Murray also ran into controversy this summer when the former mayor of a Toronto community alleged the candidate promised to make a complaint about her “go away” if she approved a development in 2013, when Murray was an Ontario MPP. Murray said he has no recollection of engaging in any arm-twisting.

What about second place? Third?

Polls have consistently placed two-term St. James Coun. Gillingham in second place. The Probe poll this summer pegged him at 16 per cent support, though he dropped to 15 per cent in the September poll and rose to 19 per cent in the latest poll he commissioned.

Gillingham, who was a Pentecostal pastor for 22 years before being elected to Winnipeg’s city council in 2014, said this week he hasn’t believed the tenet of his faith that describes being gay as immoral for years.

Each poll has put a different candidate in third place. 

People in communities across Manitoba will cast their ballots on Wednesday. (John Woods/Canadian Press)

Former Winnipeg Centre Liberal MP Robert-Falcon Ouellette was in third with 13 per cent support in the July Probe poll, while social entrepreneur Shaun Loney jumped into third with 14 per cent support in September.

The Leger poll commissioned by Gillingham this month suggested Charleswood-Tuxedo-Westwood Coun. Kevin Klein has pulled into third place, with 14 per cent support.

Klein has run into controversy of his own amid online trolling about his former employment by Peter Nygard, the former fashion mogul now accused of sexual assault.

Klein worked for Nygard for four weeks in 2012, and for just under four months in 2014, handling communications and working in a government-relations role for a biotech company partially owned by Nygard.

What about city councillors?

All but two of Winnipeg’s electoral wards will vote for their city councillors on Wednesday.

Councillors in north Winnipeg’s Old Kildonan ward and south Winnipeg’s St. Norbert-Seine River ward have already been elected by default after no one ran against them.

A map of Winnipeg with numbers on each ward.
All but two of Winnipeg’s electoral wards will vote for their city councillors on Wednesday. (CBC)

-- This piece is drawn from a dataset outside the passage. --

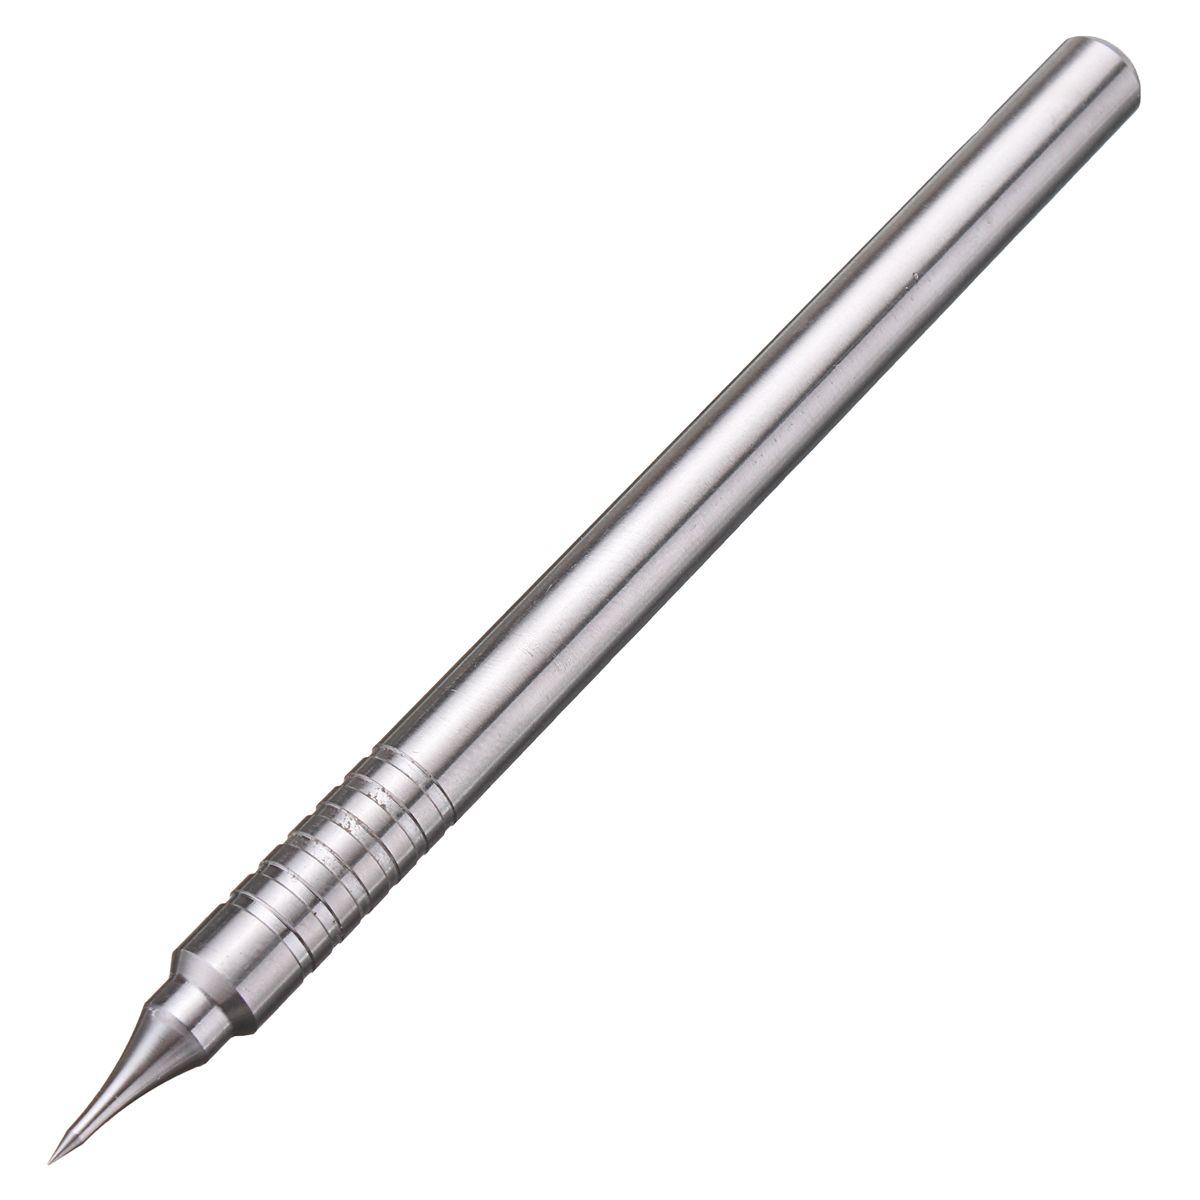 Scriber-Craft-Tool-Scribe-Line-Pen-Model-Tools-for-Plane-Gundam-1149309

Two wards are also guaranteed to get a new councillor. That’s because their incumbents — Klein in Charleswood-Tuxedo-Westwood and Gillingham in St. James — are running for mayor.

The rest of Winnipeg’s wards will see their incumbent councillors face one or more challengers in their bids to hold on to their seats.

Those areas are Daniel McIntyre, Elmwood-East Kildonan, Fort Rouge-East Fort Garry, Mynarski, North Kildonan, Point Douglas, River Heights-Fort Garry, St. Boniface, St. Vital, Transcona and Waverley West.

And school trustees?

You can read the full list of candidates on the city’s website.

It’s believed at least a dozen people running for school trustee positions in Winnipeg are vocal critics of pandemic-era restrictions, some of whom gained widespread notoriety for their dissent.

Concerns have also been raised about Manitoba’s election laws, which don’t require disclosure about who’s financing a campaign. 

How do I vote?

You can find information about how to vote here, including what kind of ID you need, how to know where to cast your ballot and who’s allowed to vote.

What’s happening outside Winnipeg?

Almost half of Manitoba’s municipalities having elections this year will see their head of council — like a mayor or reeve — elected by default because no one ran against them.

But that’s not the case everywhere: the city of Brandon, for example, is having a mayoral race for the first time since 2014.

And because incumbent Mayor Rick Chrest decided not to run for a third term in Manitoba’s second largest city, Brandon is also guaranteed to elect a new mayor. Two candidates have stepped up in the wide-open race: Elliott Oleson and Jeff Fawcett.

The northern Manitoba city of Thompson is also seeing a competition for its mayoral seat. Incumbent Mayor Colleen Smook faces challengers Les Ellsworth and Ron Matechuk.